# Patek Philippe 5196R



## Zos (Jun 12, 2008)

Let me put in a little bit more information. I currently have a SS Rolex Daytona Zenith in 97% condition worn +/- 10 times. I would like to trade it for a Patek Philippe 5196R Or 5196J. Do you think this is a good deal? Where in D.C should would I be able to trade the watch?


----------



## rip (Jul 13, 2005)

Zos said:


> Let me put in a little bit more information. I currently have a SS Rolex Daytona Zenith in 97% condition worn +/- 10 times. I would like to trade it for a Patek Philippe 5196R Or 5196J. Do you think this is a good deal? Where in D.C should would I be able to trade the watch?

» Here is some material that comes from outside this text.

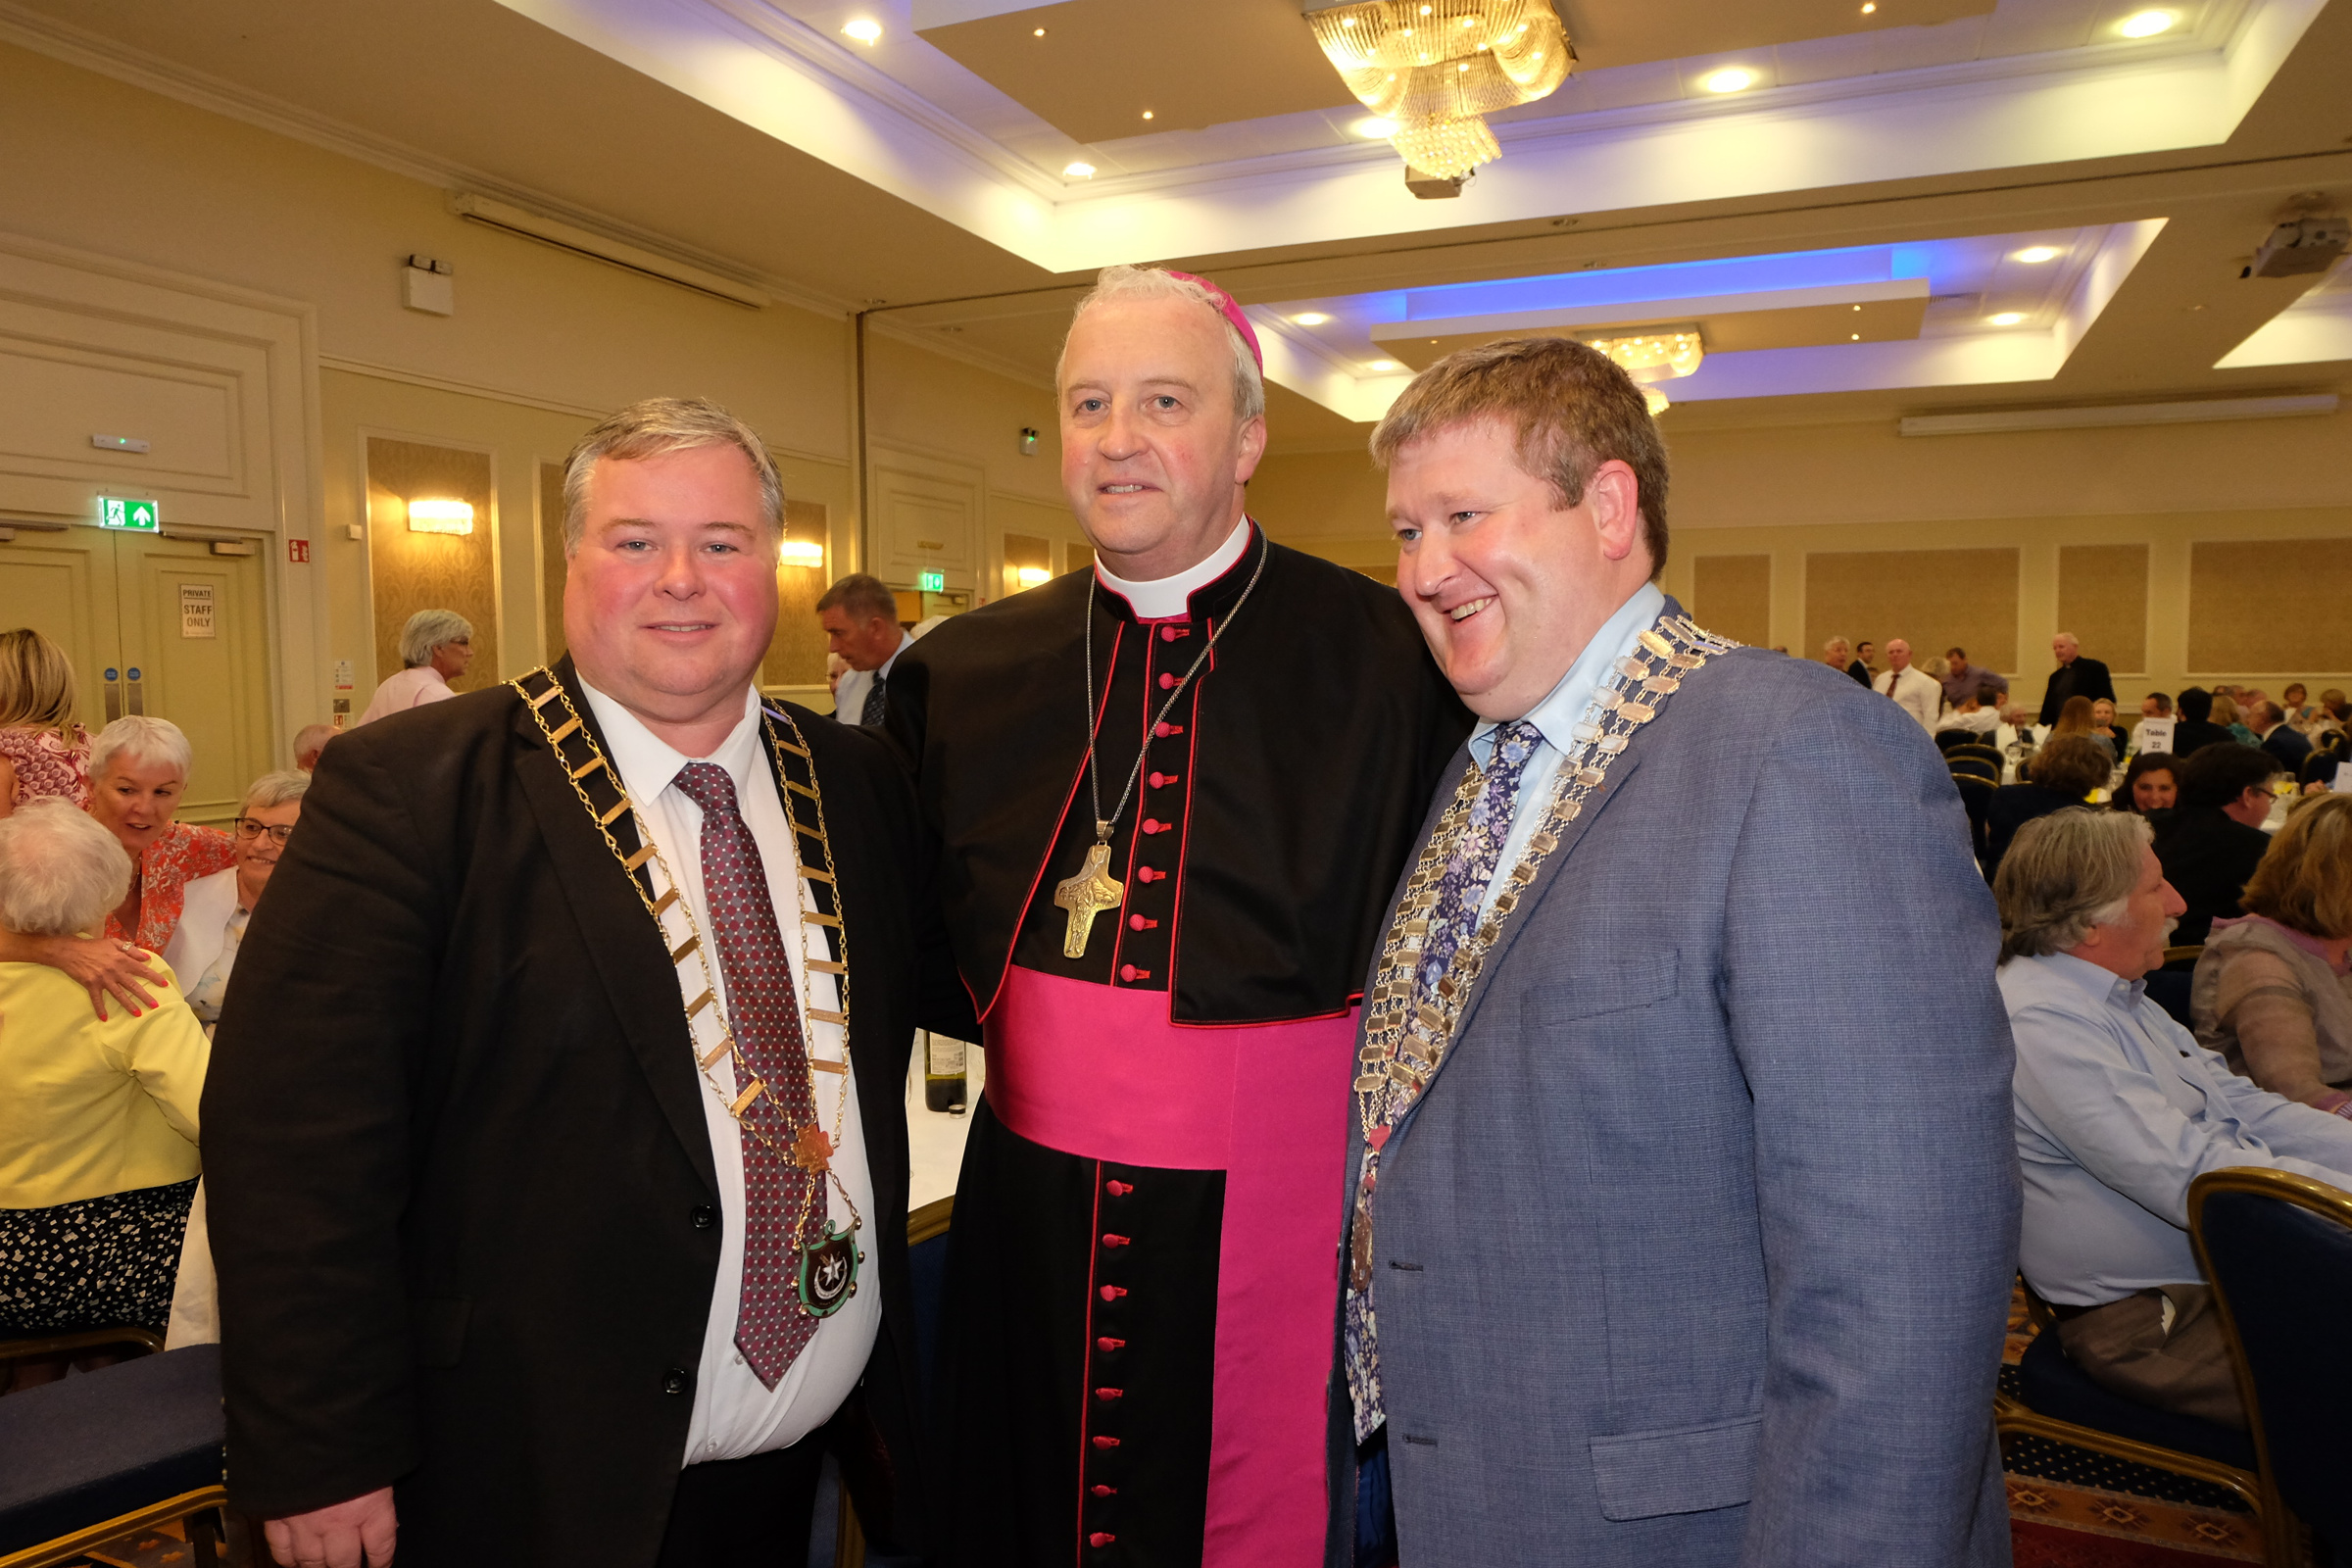 Mayor of Drogheda, Paul Bell and Shane P.O'Reilly with the new Bishop Michael Router at a celebration dinner following the Bishop's Ordination Armagh City Hotel, Armagh,  21 July 2019Credit: LiamMcArdle.com
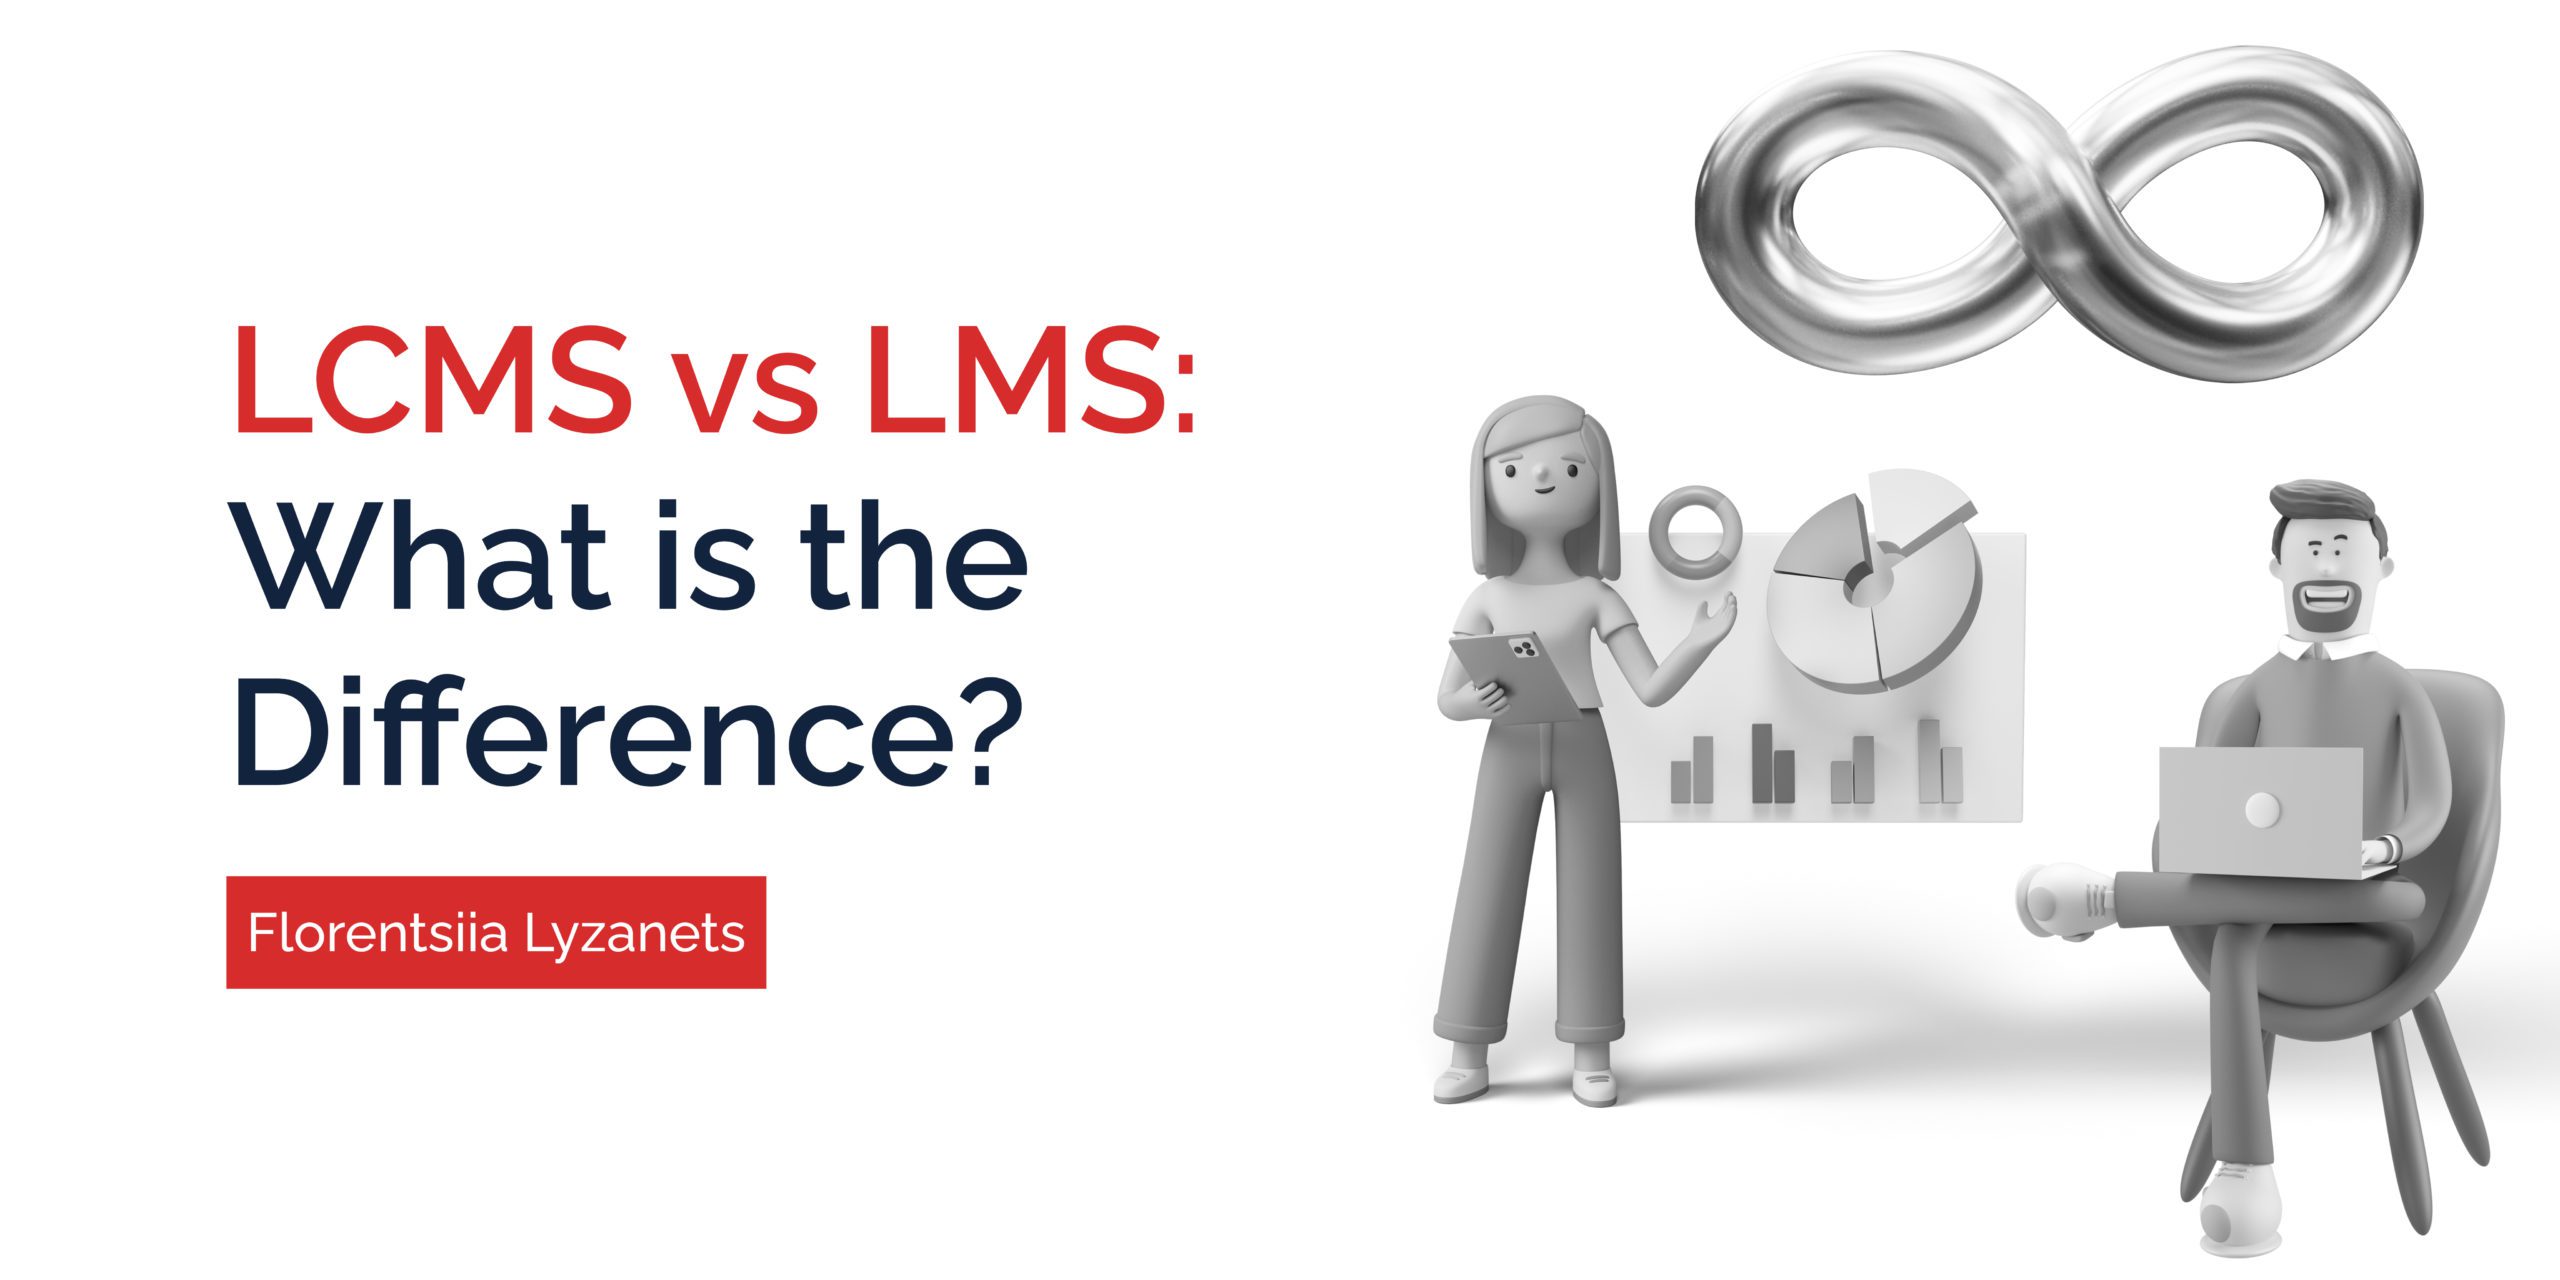 LCMS vs. LMS: What is the difference?

To me, the patek 5196 is one of the world's great watches, in a nice modern size (37mm). I would have one, but it would require me divesting myself of my 1937 Patek ref. 96, to which the 5196 is but a bigger, yet younger brother, and I just can't do that, since the ref. 96, IMO, is the ultimate classic Patek. That said, were there any other way to obtain the watch, I would be very hesitant to get rid of the Zenith Daytona you have. They seem to increase in value quite consistently, with the current selling price somewhere north of $18,000, which is about the same as the street price of the 5196. Having to choose between the two, however, there's no contest in my mind; Patek all the way. It's a choice between a Cadillac and a Rolls-Royce.


----------



## Zos (Jun 12, 2008)

*Thanks Rip*

Thanks for the information Rip, you're a nice guy. I posted on timezone, but they seem a little stiff to talk about monetary business. I have yet to try on the 37mm 5196r but from the looks of it, it is absolutely what I like in understated elegance. However the smaller -- ref 96 does seem dashing....
So, do you think a direct trade -- Daytona for 5196r is fair for both parties? or am I getting undercut.


----------



## MichaelS (Nov 14, 2005)

You can find out a lot more about both watches and watch value at:

https://www.timezone.com/

Just don't get involved in any "Is Rolex an overated watch" cotroversy.

MichaelS


----------